Spring has officially started with the Spring Equinox. However, planning for Spring and all that it entails has been underway for some time at the nurseries in Flagstaff.

Warner’s Nursery and Landscape Company is, according to Misti Warner-Andersen, “constantly getting ready for the growing season.” Warner-Andersen, the store manager, says that throughout the Fall she goes to shows to find new and interesting products for her retail shop and as it nears the start of Spring, she is having “lots of meetings with growers so that Warner’s Nursery has the right vegetables at the right time.” Warner’s Nursery is open all year long, as it has indoor plants and a variety of products for indoor and outdoor gardens, but the outdoor area being prepared for the plants that will soon arrive.

Robyn Walters of Viola’s Flower Garden is busy planning out the calendar for her company’s different sales events. She plans to open the garden in March and is ready for whatever weather comes her way. “Some years we are open during the entire month of March and some years it snows and we are only open a few days.”

Native Plant and Seed owner Nigel Sparks also opens in March and right now his grounds are in the midst of transition as he adds new features to showcase landscaping options. Sparks has been in business for 19 years – 15 at his current location – and his focus as Spring approaches is “permaculture and water harvesting.” He wants to promote water harvesting to water the plants and grasses that are sold at his nursery.

Each nursery has some unique features that offer Flagstaff residents a great deal of variety and choice when it comes to plants, classes and events.

Walters owns Viola’s Flower Garden with her business partner, Art Escobedo.
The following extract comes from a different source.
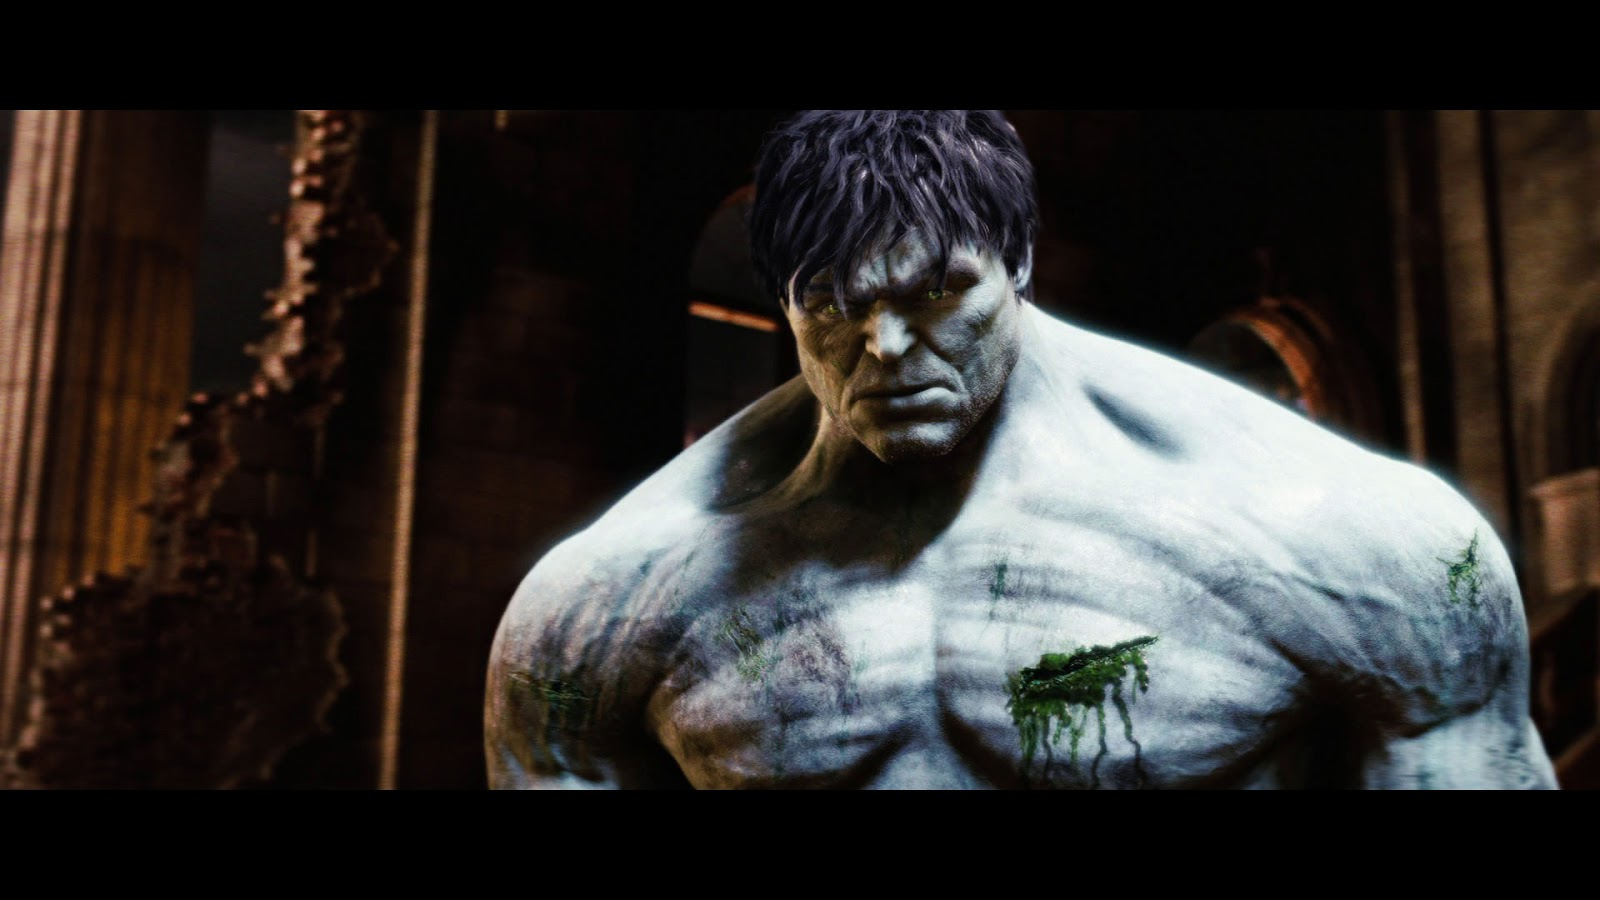 Download Hd Wallpapers Of Hulk Bantaizone

She started Viola’s 12 years ago because, “I wanted to work outside.” She has had her current location on Route 66 since 2006. Her online seed business is something that keeps her motivated during the winter months. She sells seeds for flowers and vegetables and says that the seed selling business is growing, which is exciting and motivating during the months when there isn’t much to do.

Another exciting event for Viola’s is the Tomato Festival, which happens on May 1. This will be the third year for the festival, where all weekend there are classes, art exhibits and more than 100 varieties of tomatoes to purchase. It is a fun event and a great time to learn more about different tomatoes. Details can be found on Viola’s Flower Garden website.

Sparks of Native Plant and Seed is busy planning a “Landscape Lecture Series” that will occur every other week at the nursery. He says there will be a lot more landscape demonstrations, including the demonstration of a solar powered water feature that uses harvested water. Dates, times and topics for these lectures soon will be posted on the Native Plant and Seed website.

Meanwhile, Warner-Andersen, who has worked at Warner’s nursery for many years and is herself a third generation member of the Warner family, is excited about Warner’s “Mulch Madness” event, which happens in March. She says this is a “great time to prepare your soil for your garden and Warner’s can help.” Check out Warner’s website for details.

Each of the owners of these three nurseries had some advice for those champing at the bit to get their gardens and yards growing and blooming. Sparks suggests ordering “grass plugs,” which are less labor intensive than seed and take less water. He also said, “Now and at the end of June is the time to get a water harvesting system set up.”

Warner-Andersen suggests cutting back grasses and perennials that didn’t get trimmed before it snowed and planting, when you can, dormant trees and shrubs. She also says to plant pansies as they do not mind the cold or snow and will soon be available at Warner’s.

Walters just wants people to know that “gardening can be simple and lots of fun – get a good bag of soil, water your plants and they will grow – it’s that simple.”